The Language of Kisses
We kiss for pleasure and to get out of tight places, we kiss passionately, slow and sweet, we kiss to calm our spirits, we kiss with warmth, we kiss with coldness, we wrap ourselves in a kiss, and we say goodbye with one. Through our lips, we transmit an immense quantity of emotions and sensations; the lips and kisses are some of the most powerful weapons that human beings have at their disposal.
While it is uncertain exactly why our lips evolved in the way that they did, researchers like Gordon G. Gallup think that the lips may have evolved in this way to facilitate the selection of a partner.
In an interview with the BBC in September of 2007, he said that “kissing involves a very complicated exchange of information: olfactory information, tactile information and postural types of adjustments that may tap into underlying evolved and unconscious mechanisms that enable people to make determinations about the degree to which they are genetically incompatible.”
In scientific circles, it has been confirmed that kissing can even reveal how committed a partner is, which could turn out to be key when having children. In addition, a badly given kiss could determine the evolution of the relationship and even put an end to it.
Proof of this is Gallup’s discovery that most surveyed men and women confirmed having at some time felt less attracted to someone based on a kiss. It’s not that these “bad kisses” have some special defect; they simply are not pleasing and are enough to put a full stop to a relationship.
Also, this same author confirms that kissing is as crucial for men as it is for women, but that each one lends a different significance to it. Men judge a deep kiss as a step towards a sexual relationship; however, “women use kisses to obtain information about the level of commitment when they have a long-term relationship.”
Therefore, it seems that the kiss is an emotional barometer and that the deeper and more enthusiastic it is, the healthier the relationship is perceived to be. It is one of the many situations in which we are guided by instincts or unconscious impulses, and we are developing countless behavioral patterns derived from these facts.
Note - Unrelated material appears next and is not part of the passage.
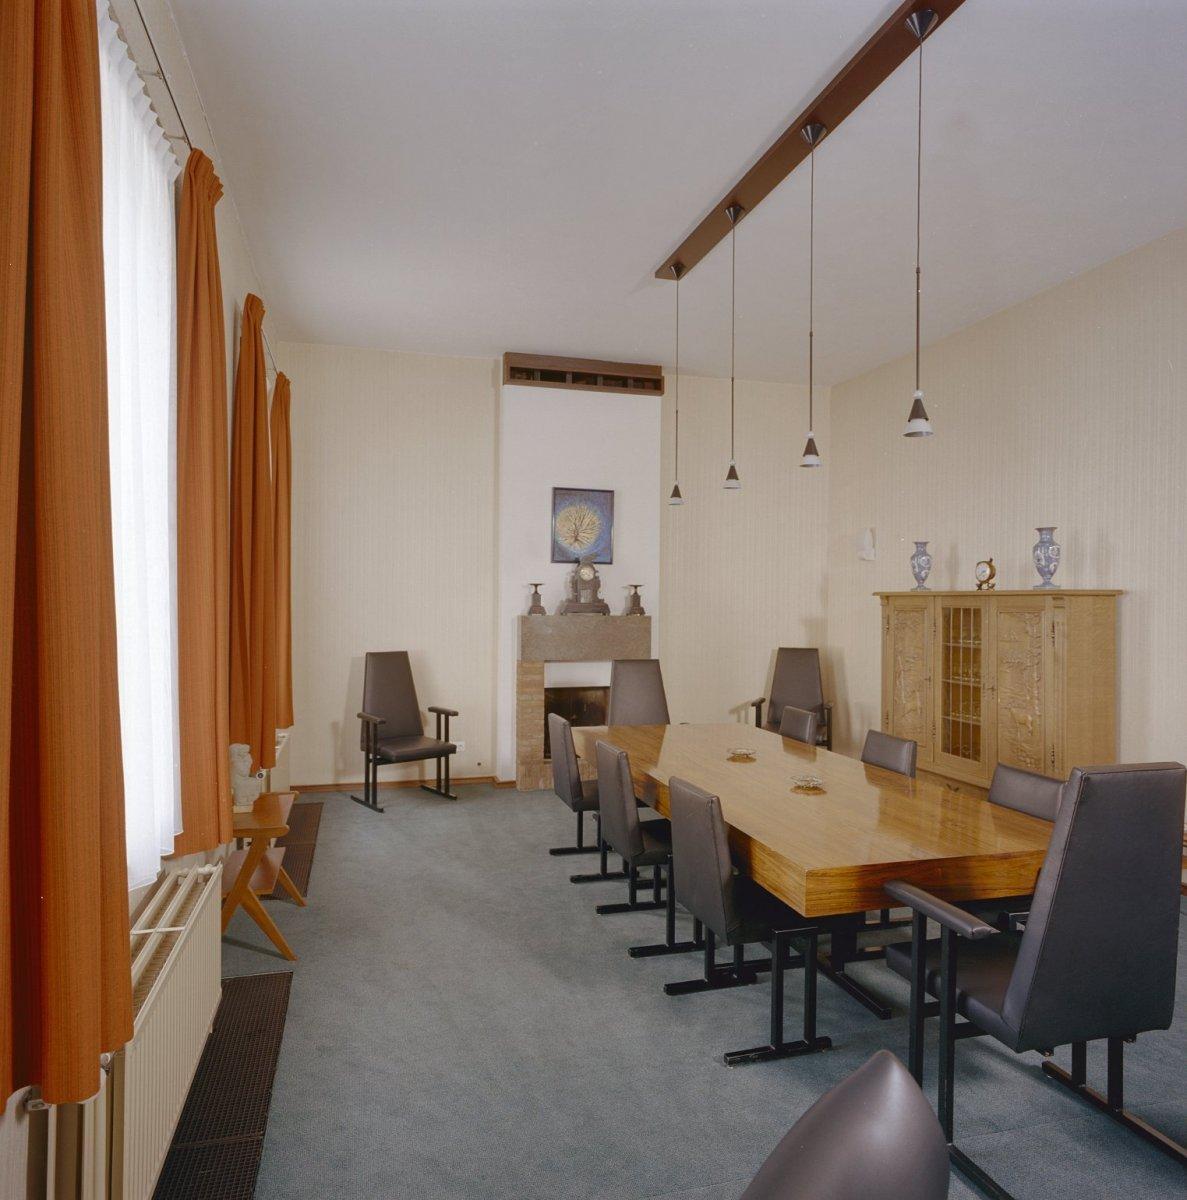 File:Interieur, overzicht raadzaal - Tilburg - 20351229 - RCE.jpg ...

In any case, although the kiss is considered a barometer for human relationships from an evolutionary perspective, it does not seem to be strictly necessary for our development. There are a number of animals that do not go around covering each other with kisses to show affection or as a preliminary mechanism or index for reproduction. There are even human beings who don’t do it: at the beginning of the 20th century, Danish scientist Kristoffer Nyrop described Finnish tribes whose members bathed together but considered it indecent to kiss one another.
In 1897, anthropologist Paul d’Enjoy pointed out that the Chinese understood kissing on the mouth as something so horrendous that it could even be considered cannibalism. And in Mongolia: there are parents who do not kiss their male children but show them affection by smelling their heads.
Notwithstanding, in our culture, kissing a person that we are in love with activates the brain’s pleasure center, the ventral tegmental area. To get a better idea, this is area activated by the consumption of drugs, which can explain the great potential that kisses have for addiction .
Another curiosity: when we kiss, we tend to tilt our head to the right, regardless of whether we are left- or right-handed. This seems to be explained partly by the fact that most mothers rock their children upwards and to the left, meaning that the child must lean to the right to nurse or snuggle up. So most of us could have learned to associate warmth, love, and security with leaning to the right.
In fact, it seems that we perceive less love and warmth when we are kissed to the left. There is an attempt to explain this by cerebral lateralization: so it is that leaning to the right exposes our left side, the part controlled by the right hemisphere that is also the most emotional.
In any case, while there are numerous studies confirming this idea, there are others that claim that the preference to lean to the right while kissing may be more of a motor preference than a sentimental one. Who knows, maybe more light will be shed on this matter in the future.
In any case, the most important and unquestionable thing is that, all explanations aside, we end up transmitting a vast quantity of neural and chemical messages through kisses, which we perceive in the form of tactile sensations, sexual arousal, intimacy, affection, etc.